In high-stakes situations such as healthcare and weekday risks, it is safer to say “I don’t know” than to incorrectly answer. While doctors, game show contestants and standardized test takers understand this, most artificial intelligence applications prefer to give potentially wrong answers rather than admitting uncertainty.
Computer scientists at Johns Hopkins believe they have a solution. It is a new way that allows AI models to spend more time through problems, and uses confidence scores to determine that AI should say “I don’t know” rather than risking the wrong answer.

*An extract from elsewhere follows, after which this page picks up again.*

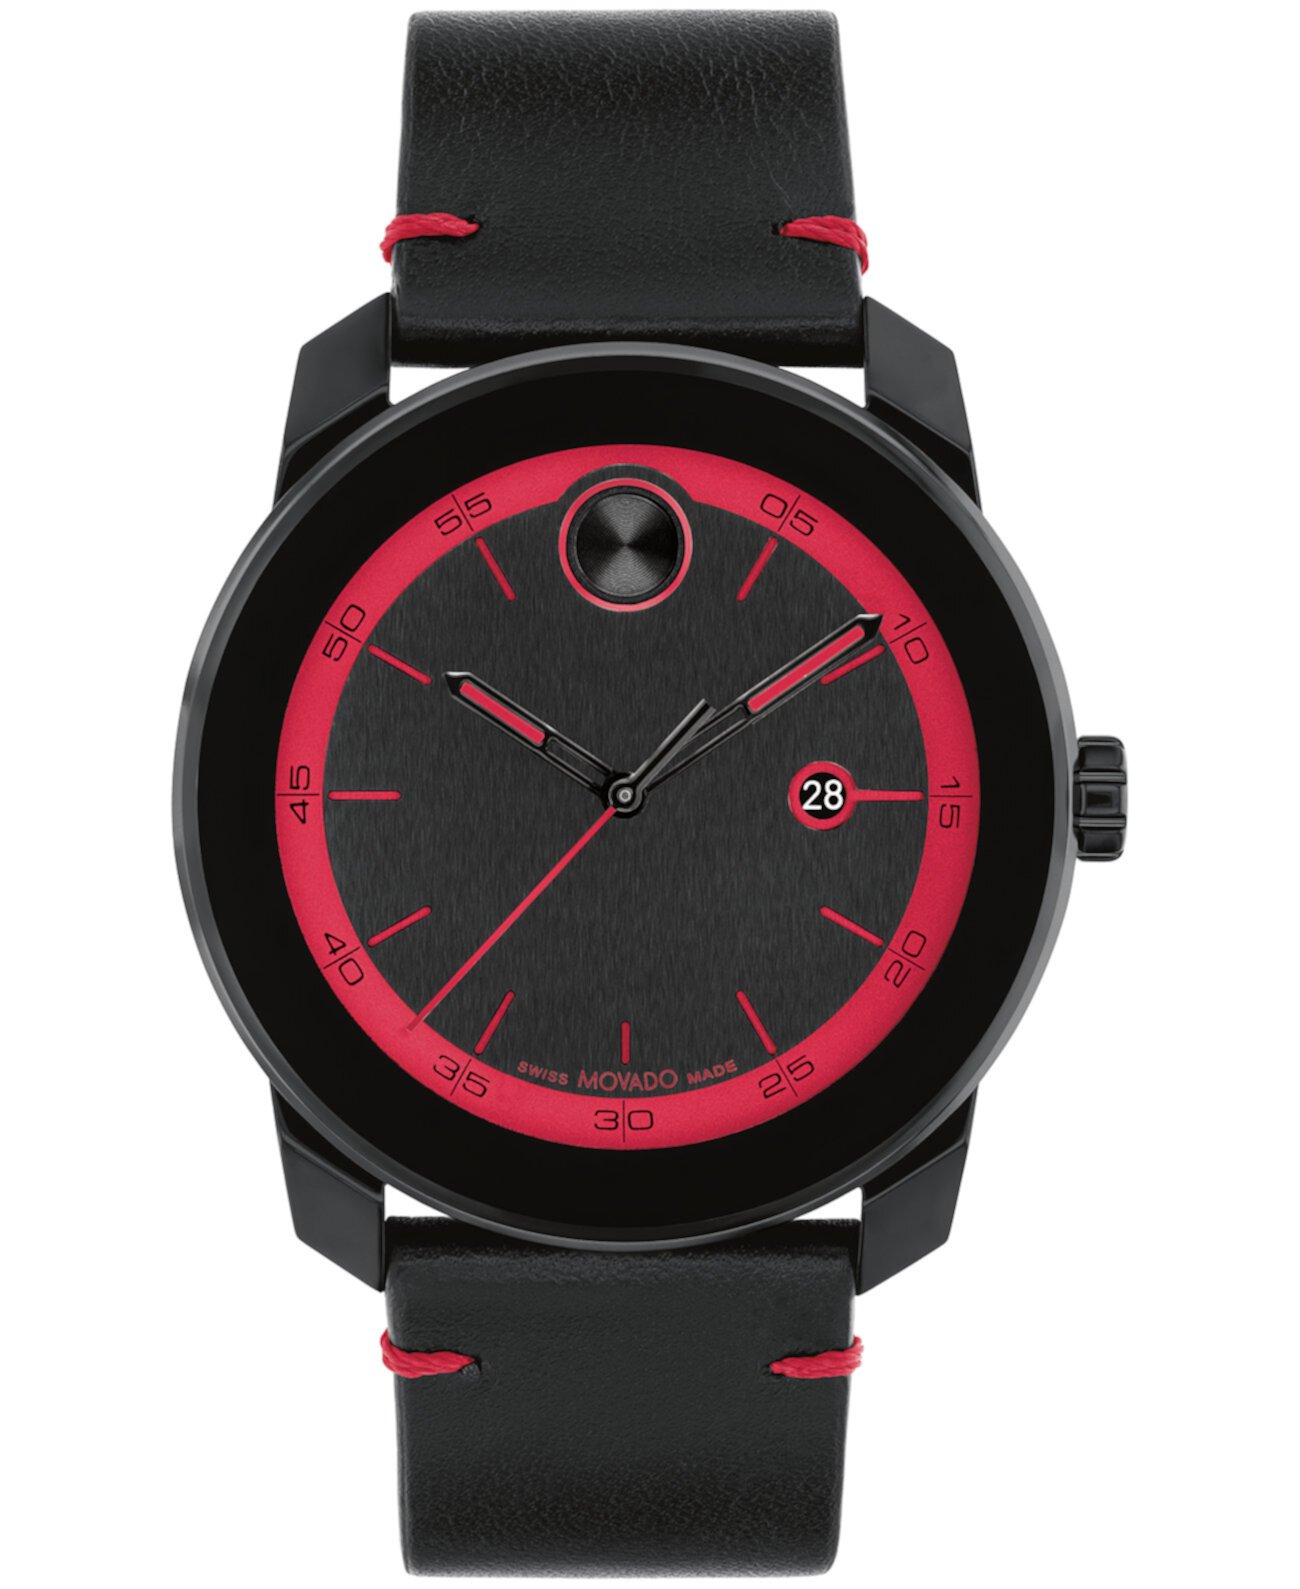 Мужские часы Bold Tr90 со швейцарским кварцем, черные кожаные часы, 42 мм Movado

The research team will present their results at the 63rd Annual General Meeting of the 63rd Society of Computational Linguistics, which will be held in Vienna, Austria from July 27th to August 1st.
“If you want to be confident, thinking long means giving the system a more correct answer and a more incorrect answer.”
William Juray
PhD student, Whiting School of Engineering
“It all started when I saw that cutting-edge, large-scale language models spend more time solving more difficult problems. So will this additional thinking time help these models determine whether the problems have been resolved correctly and report them to users?” First author William Juray says he is a doctoral student studying computer science, affiliated with the Whiting School of Engineering’s Language and Speech Processing Center.
To investigate, the team generated length-length inference chains to answer difficult mathematical problems and measure how chain length affects both the final answer of the model and its confidence. Researchers only received model responses if confidence exceeded the given threshold.
They found that thinking more generally improves model accuracy and confidence. However, even if there is sufficient time to consider, the model can still make wild guesses and give the wrong answer. In fact, researchers have found that if a model sets a high standard for confidence and makes it think longer, the accuracy of the model actually decreases.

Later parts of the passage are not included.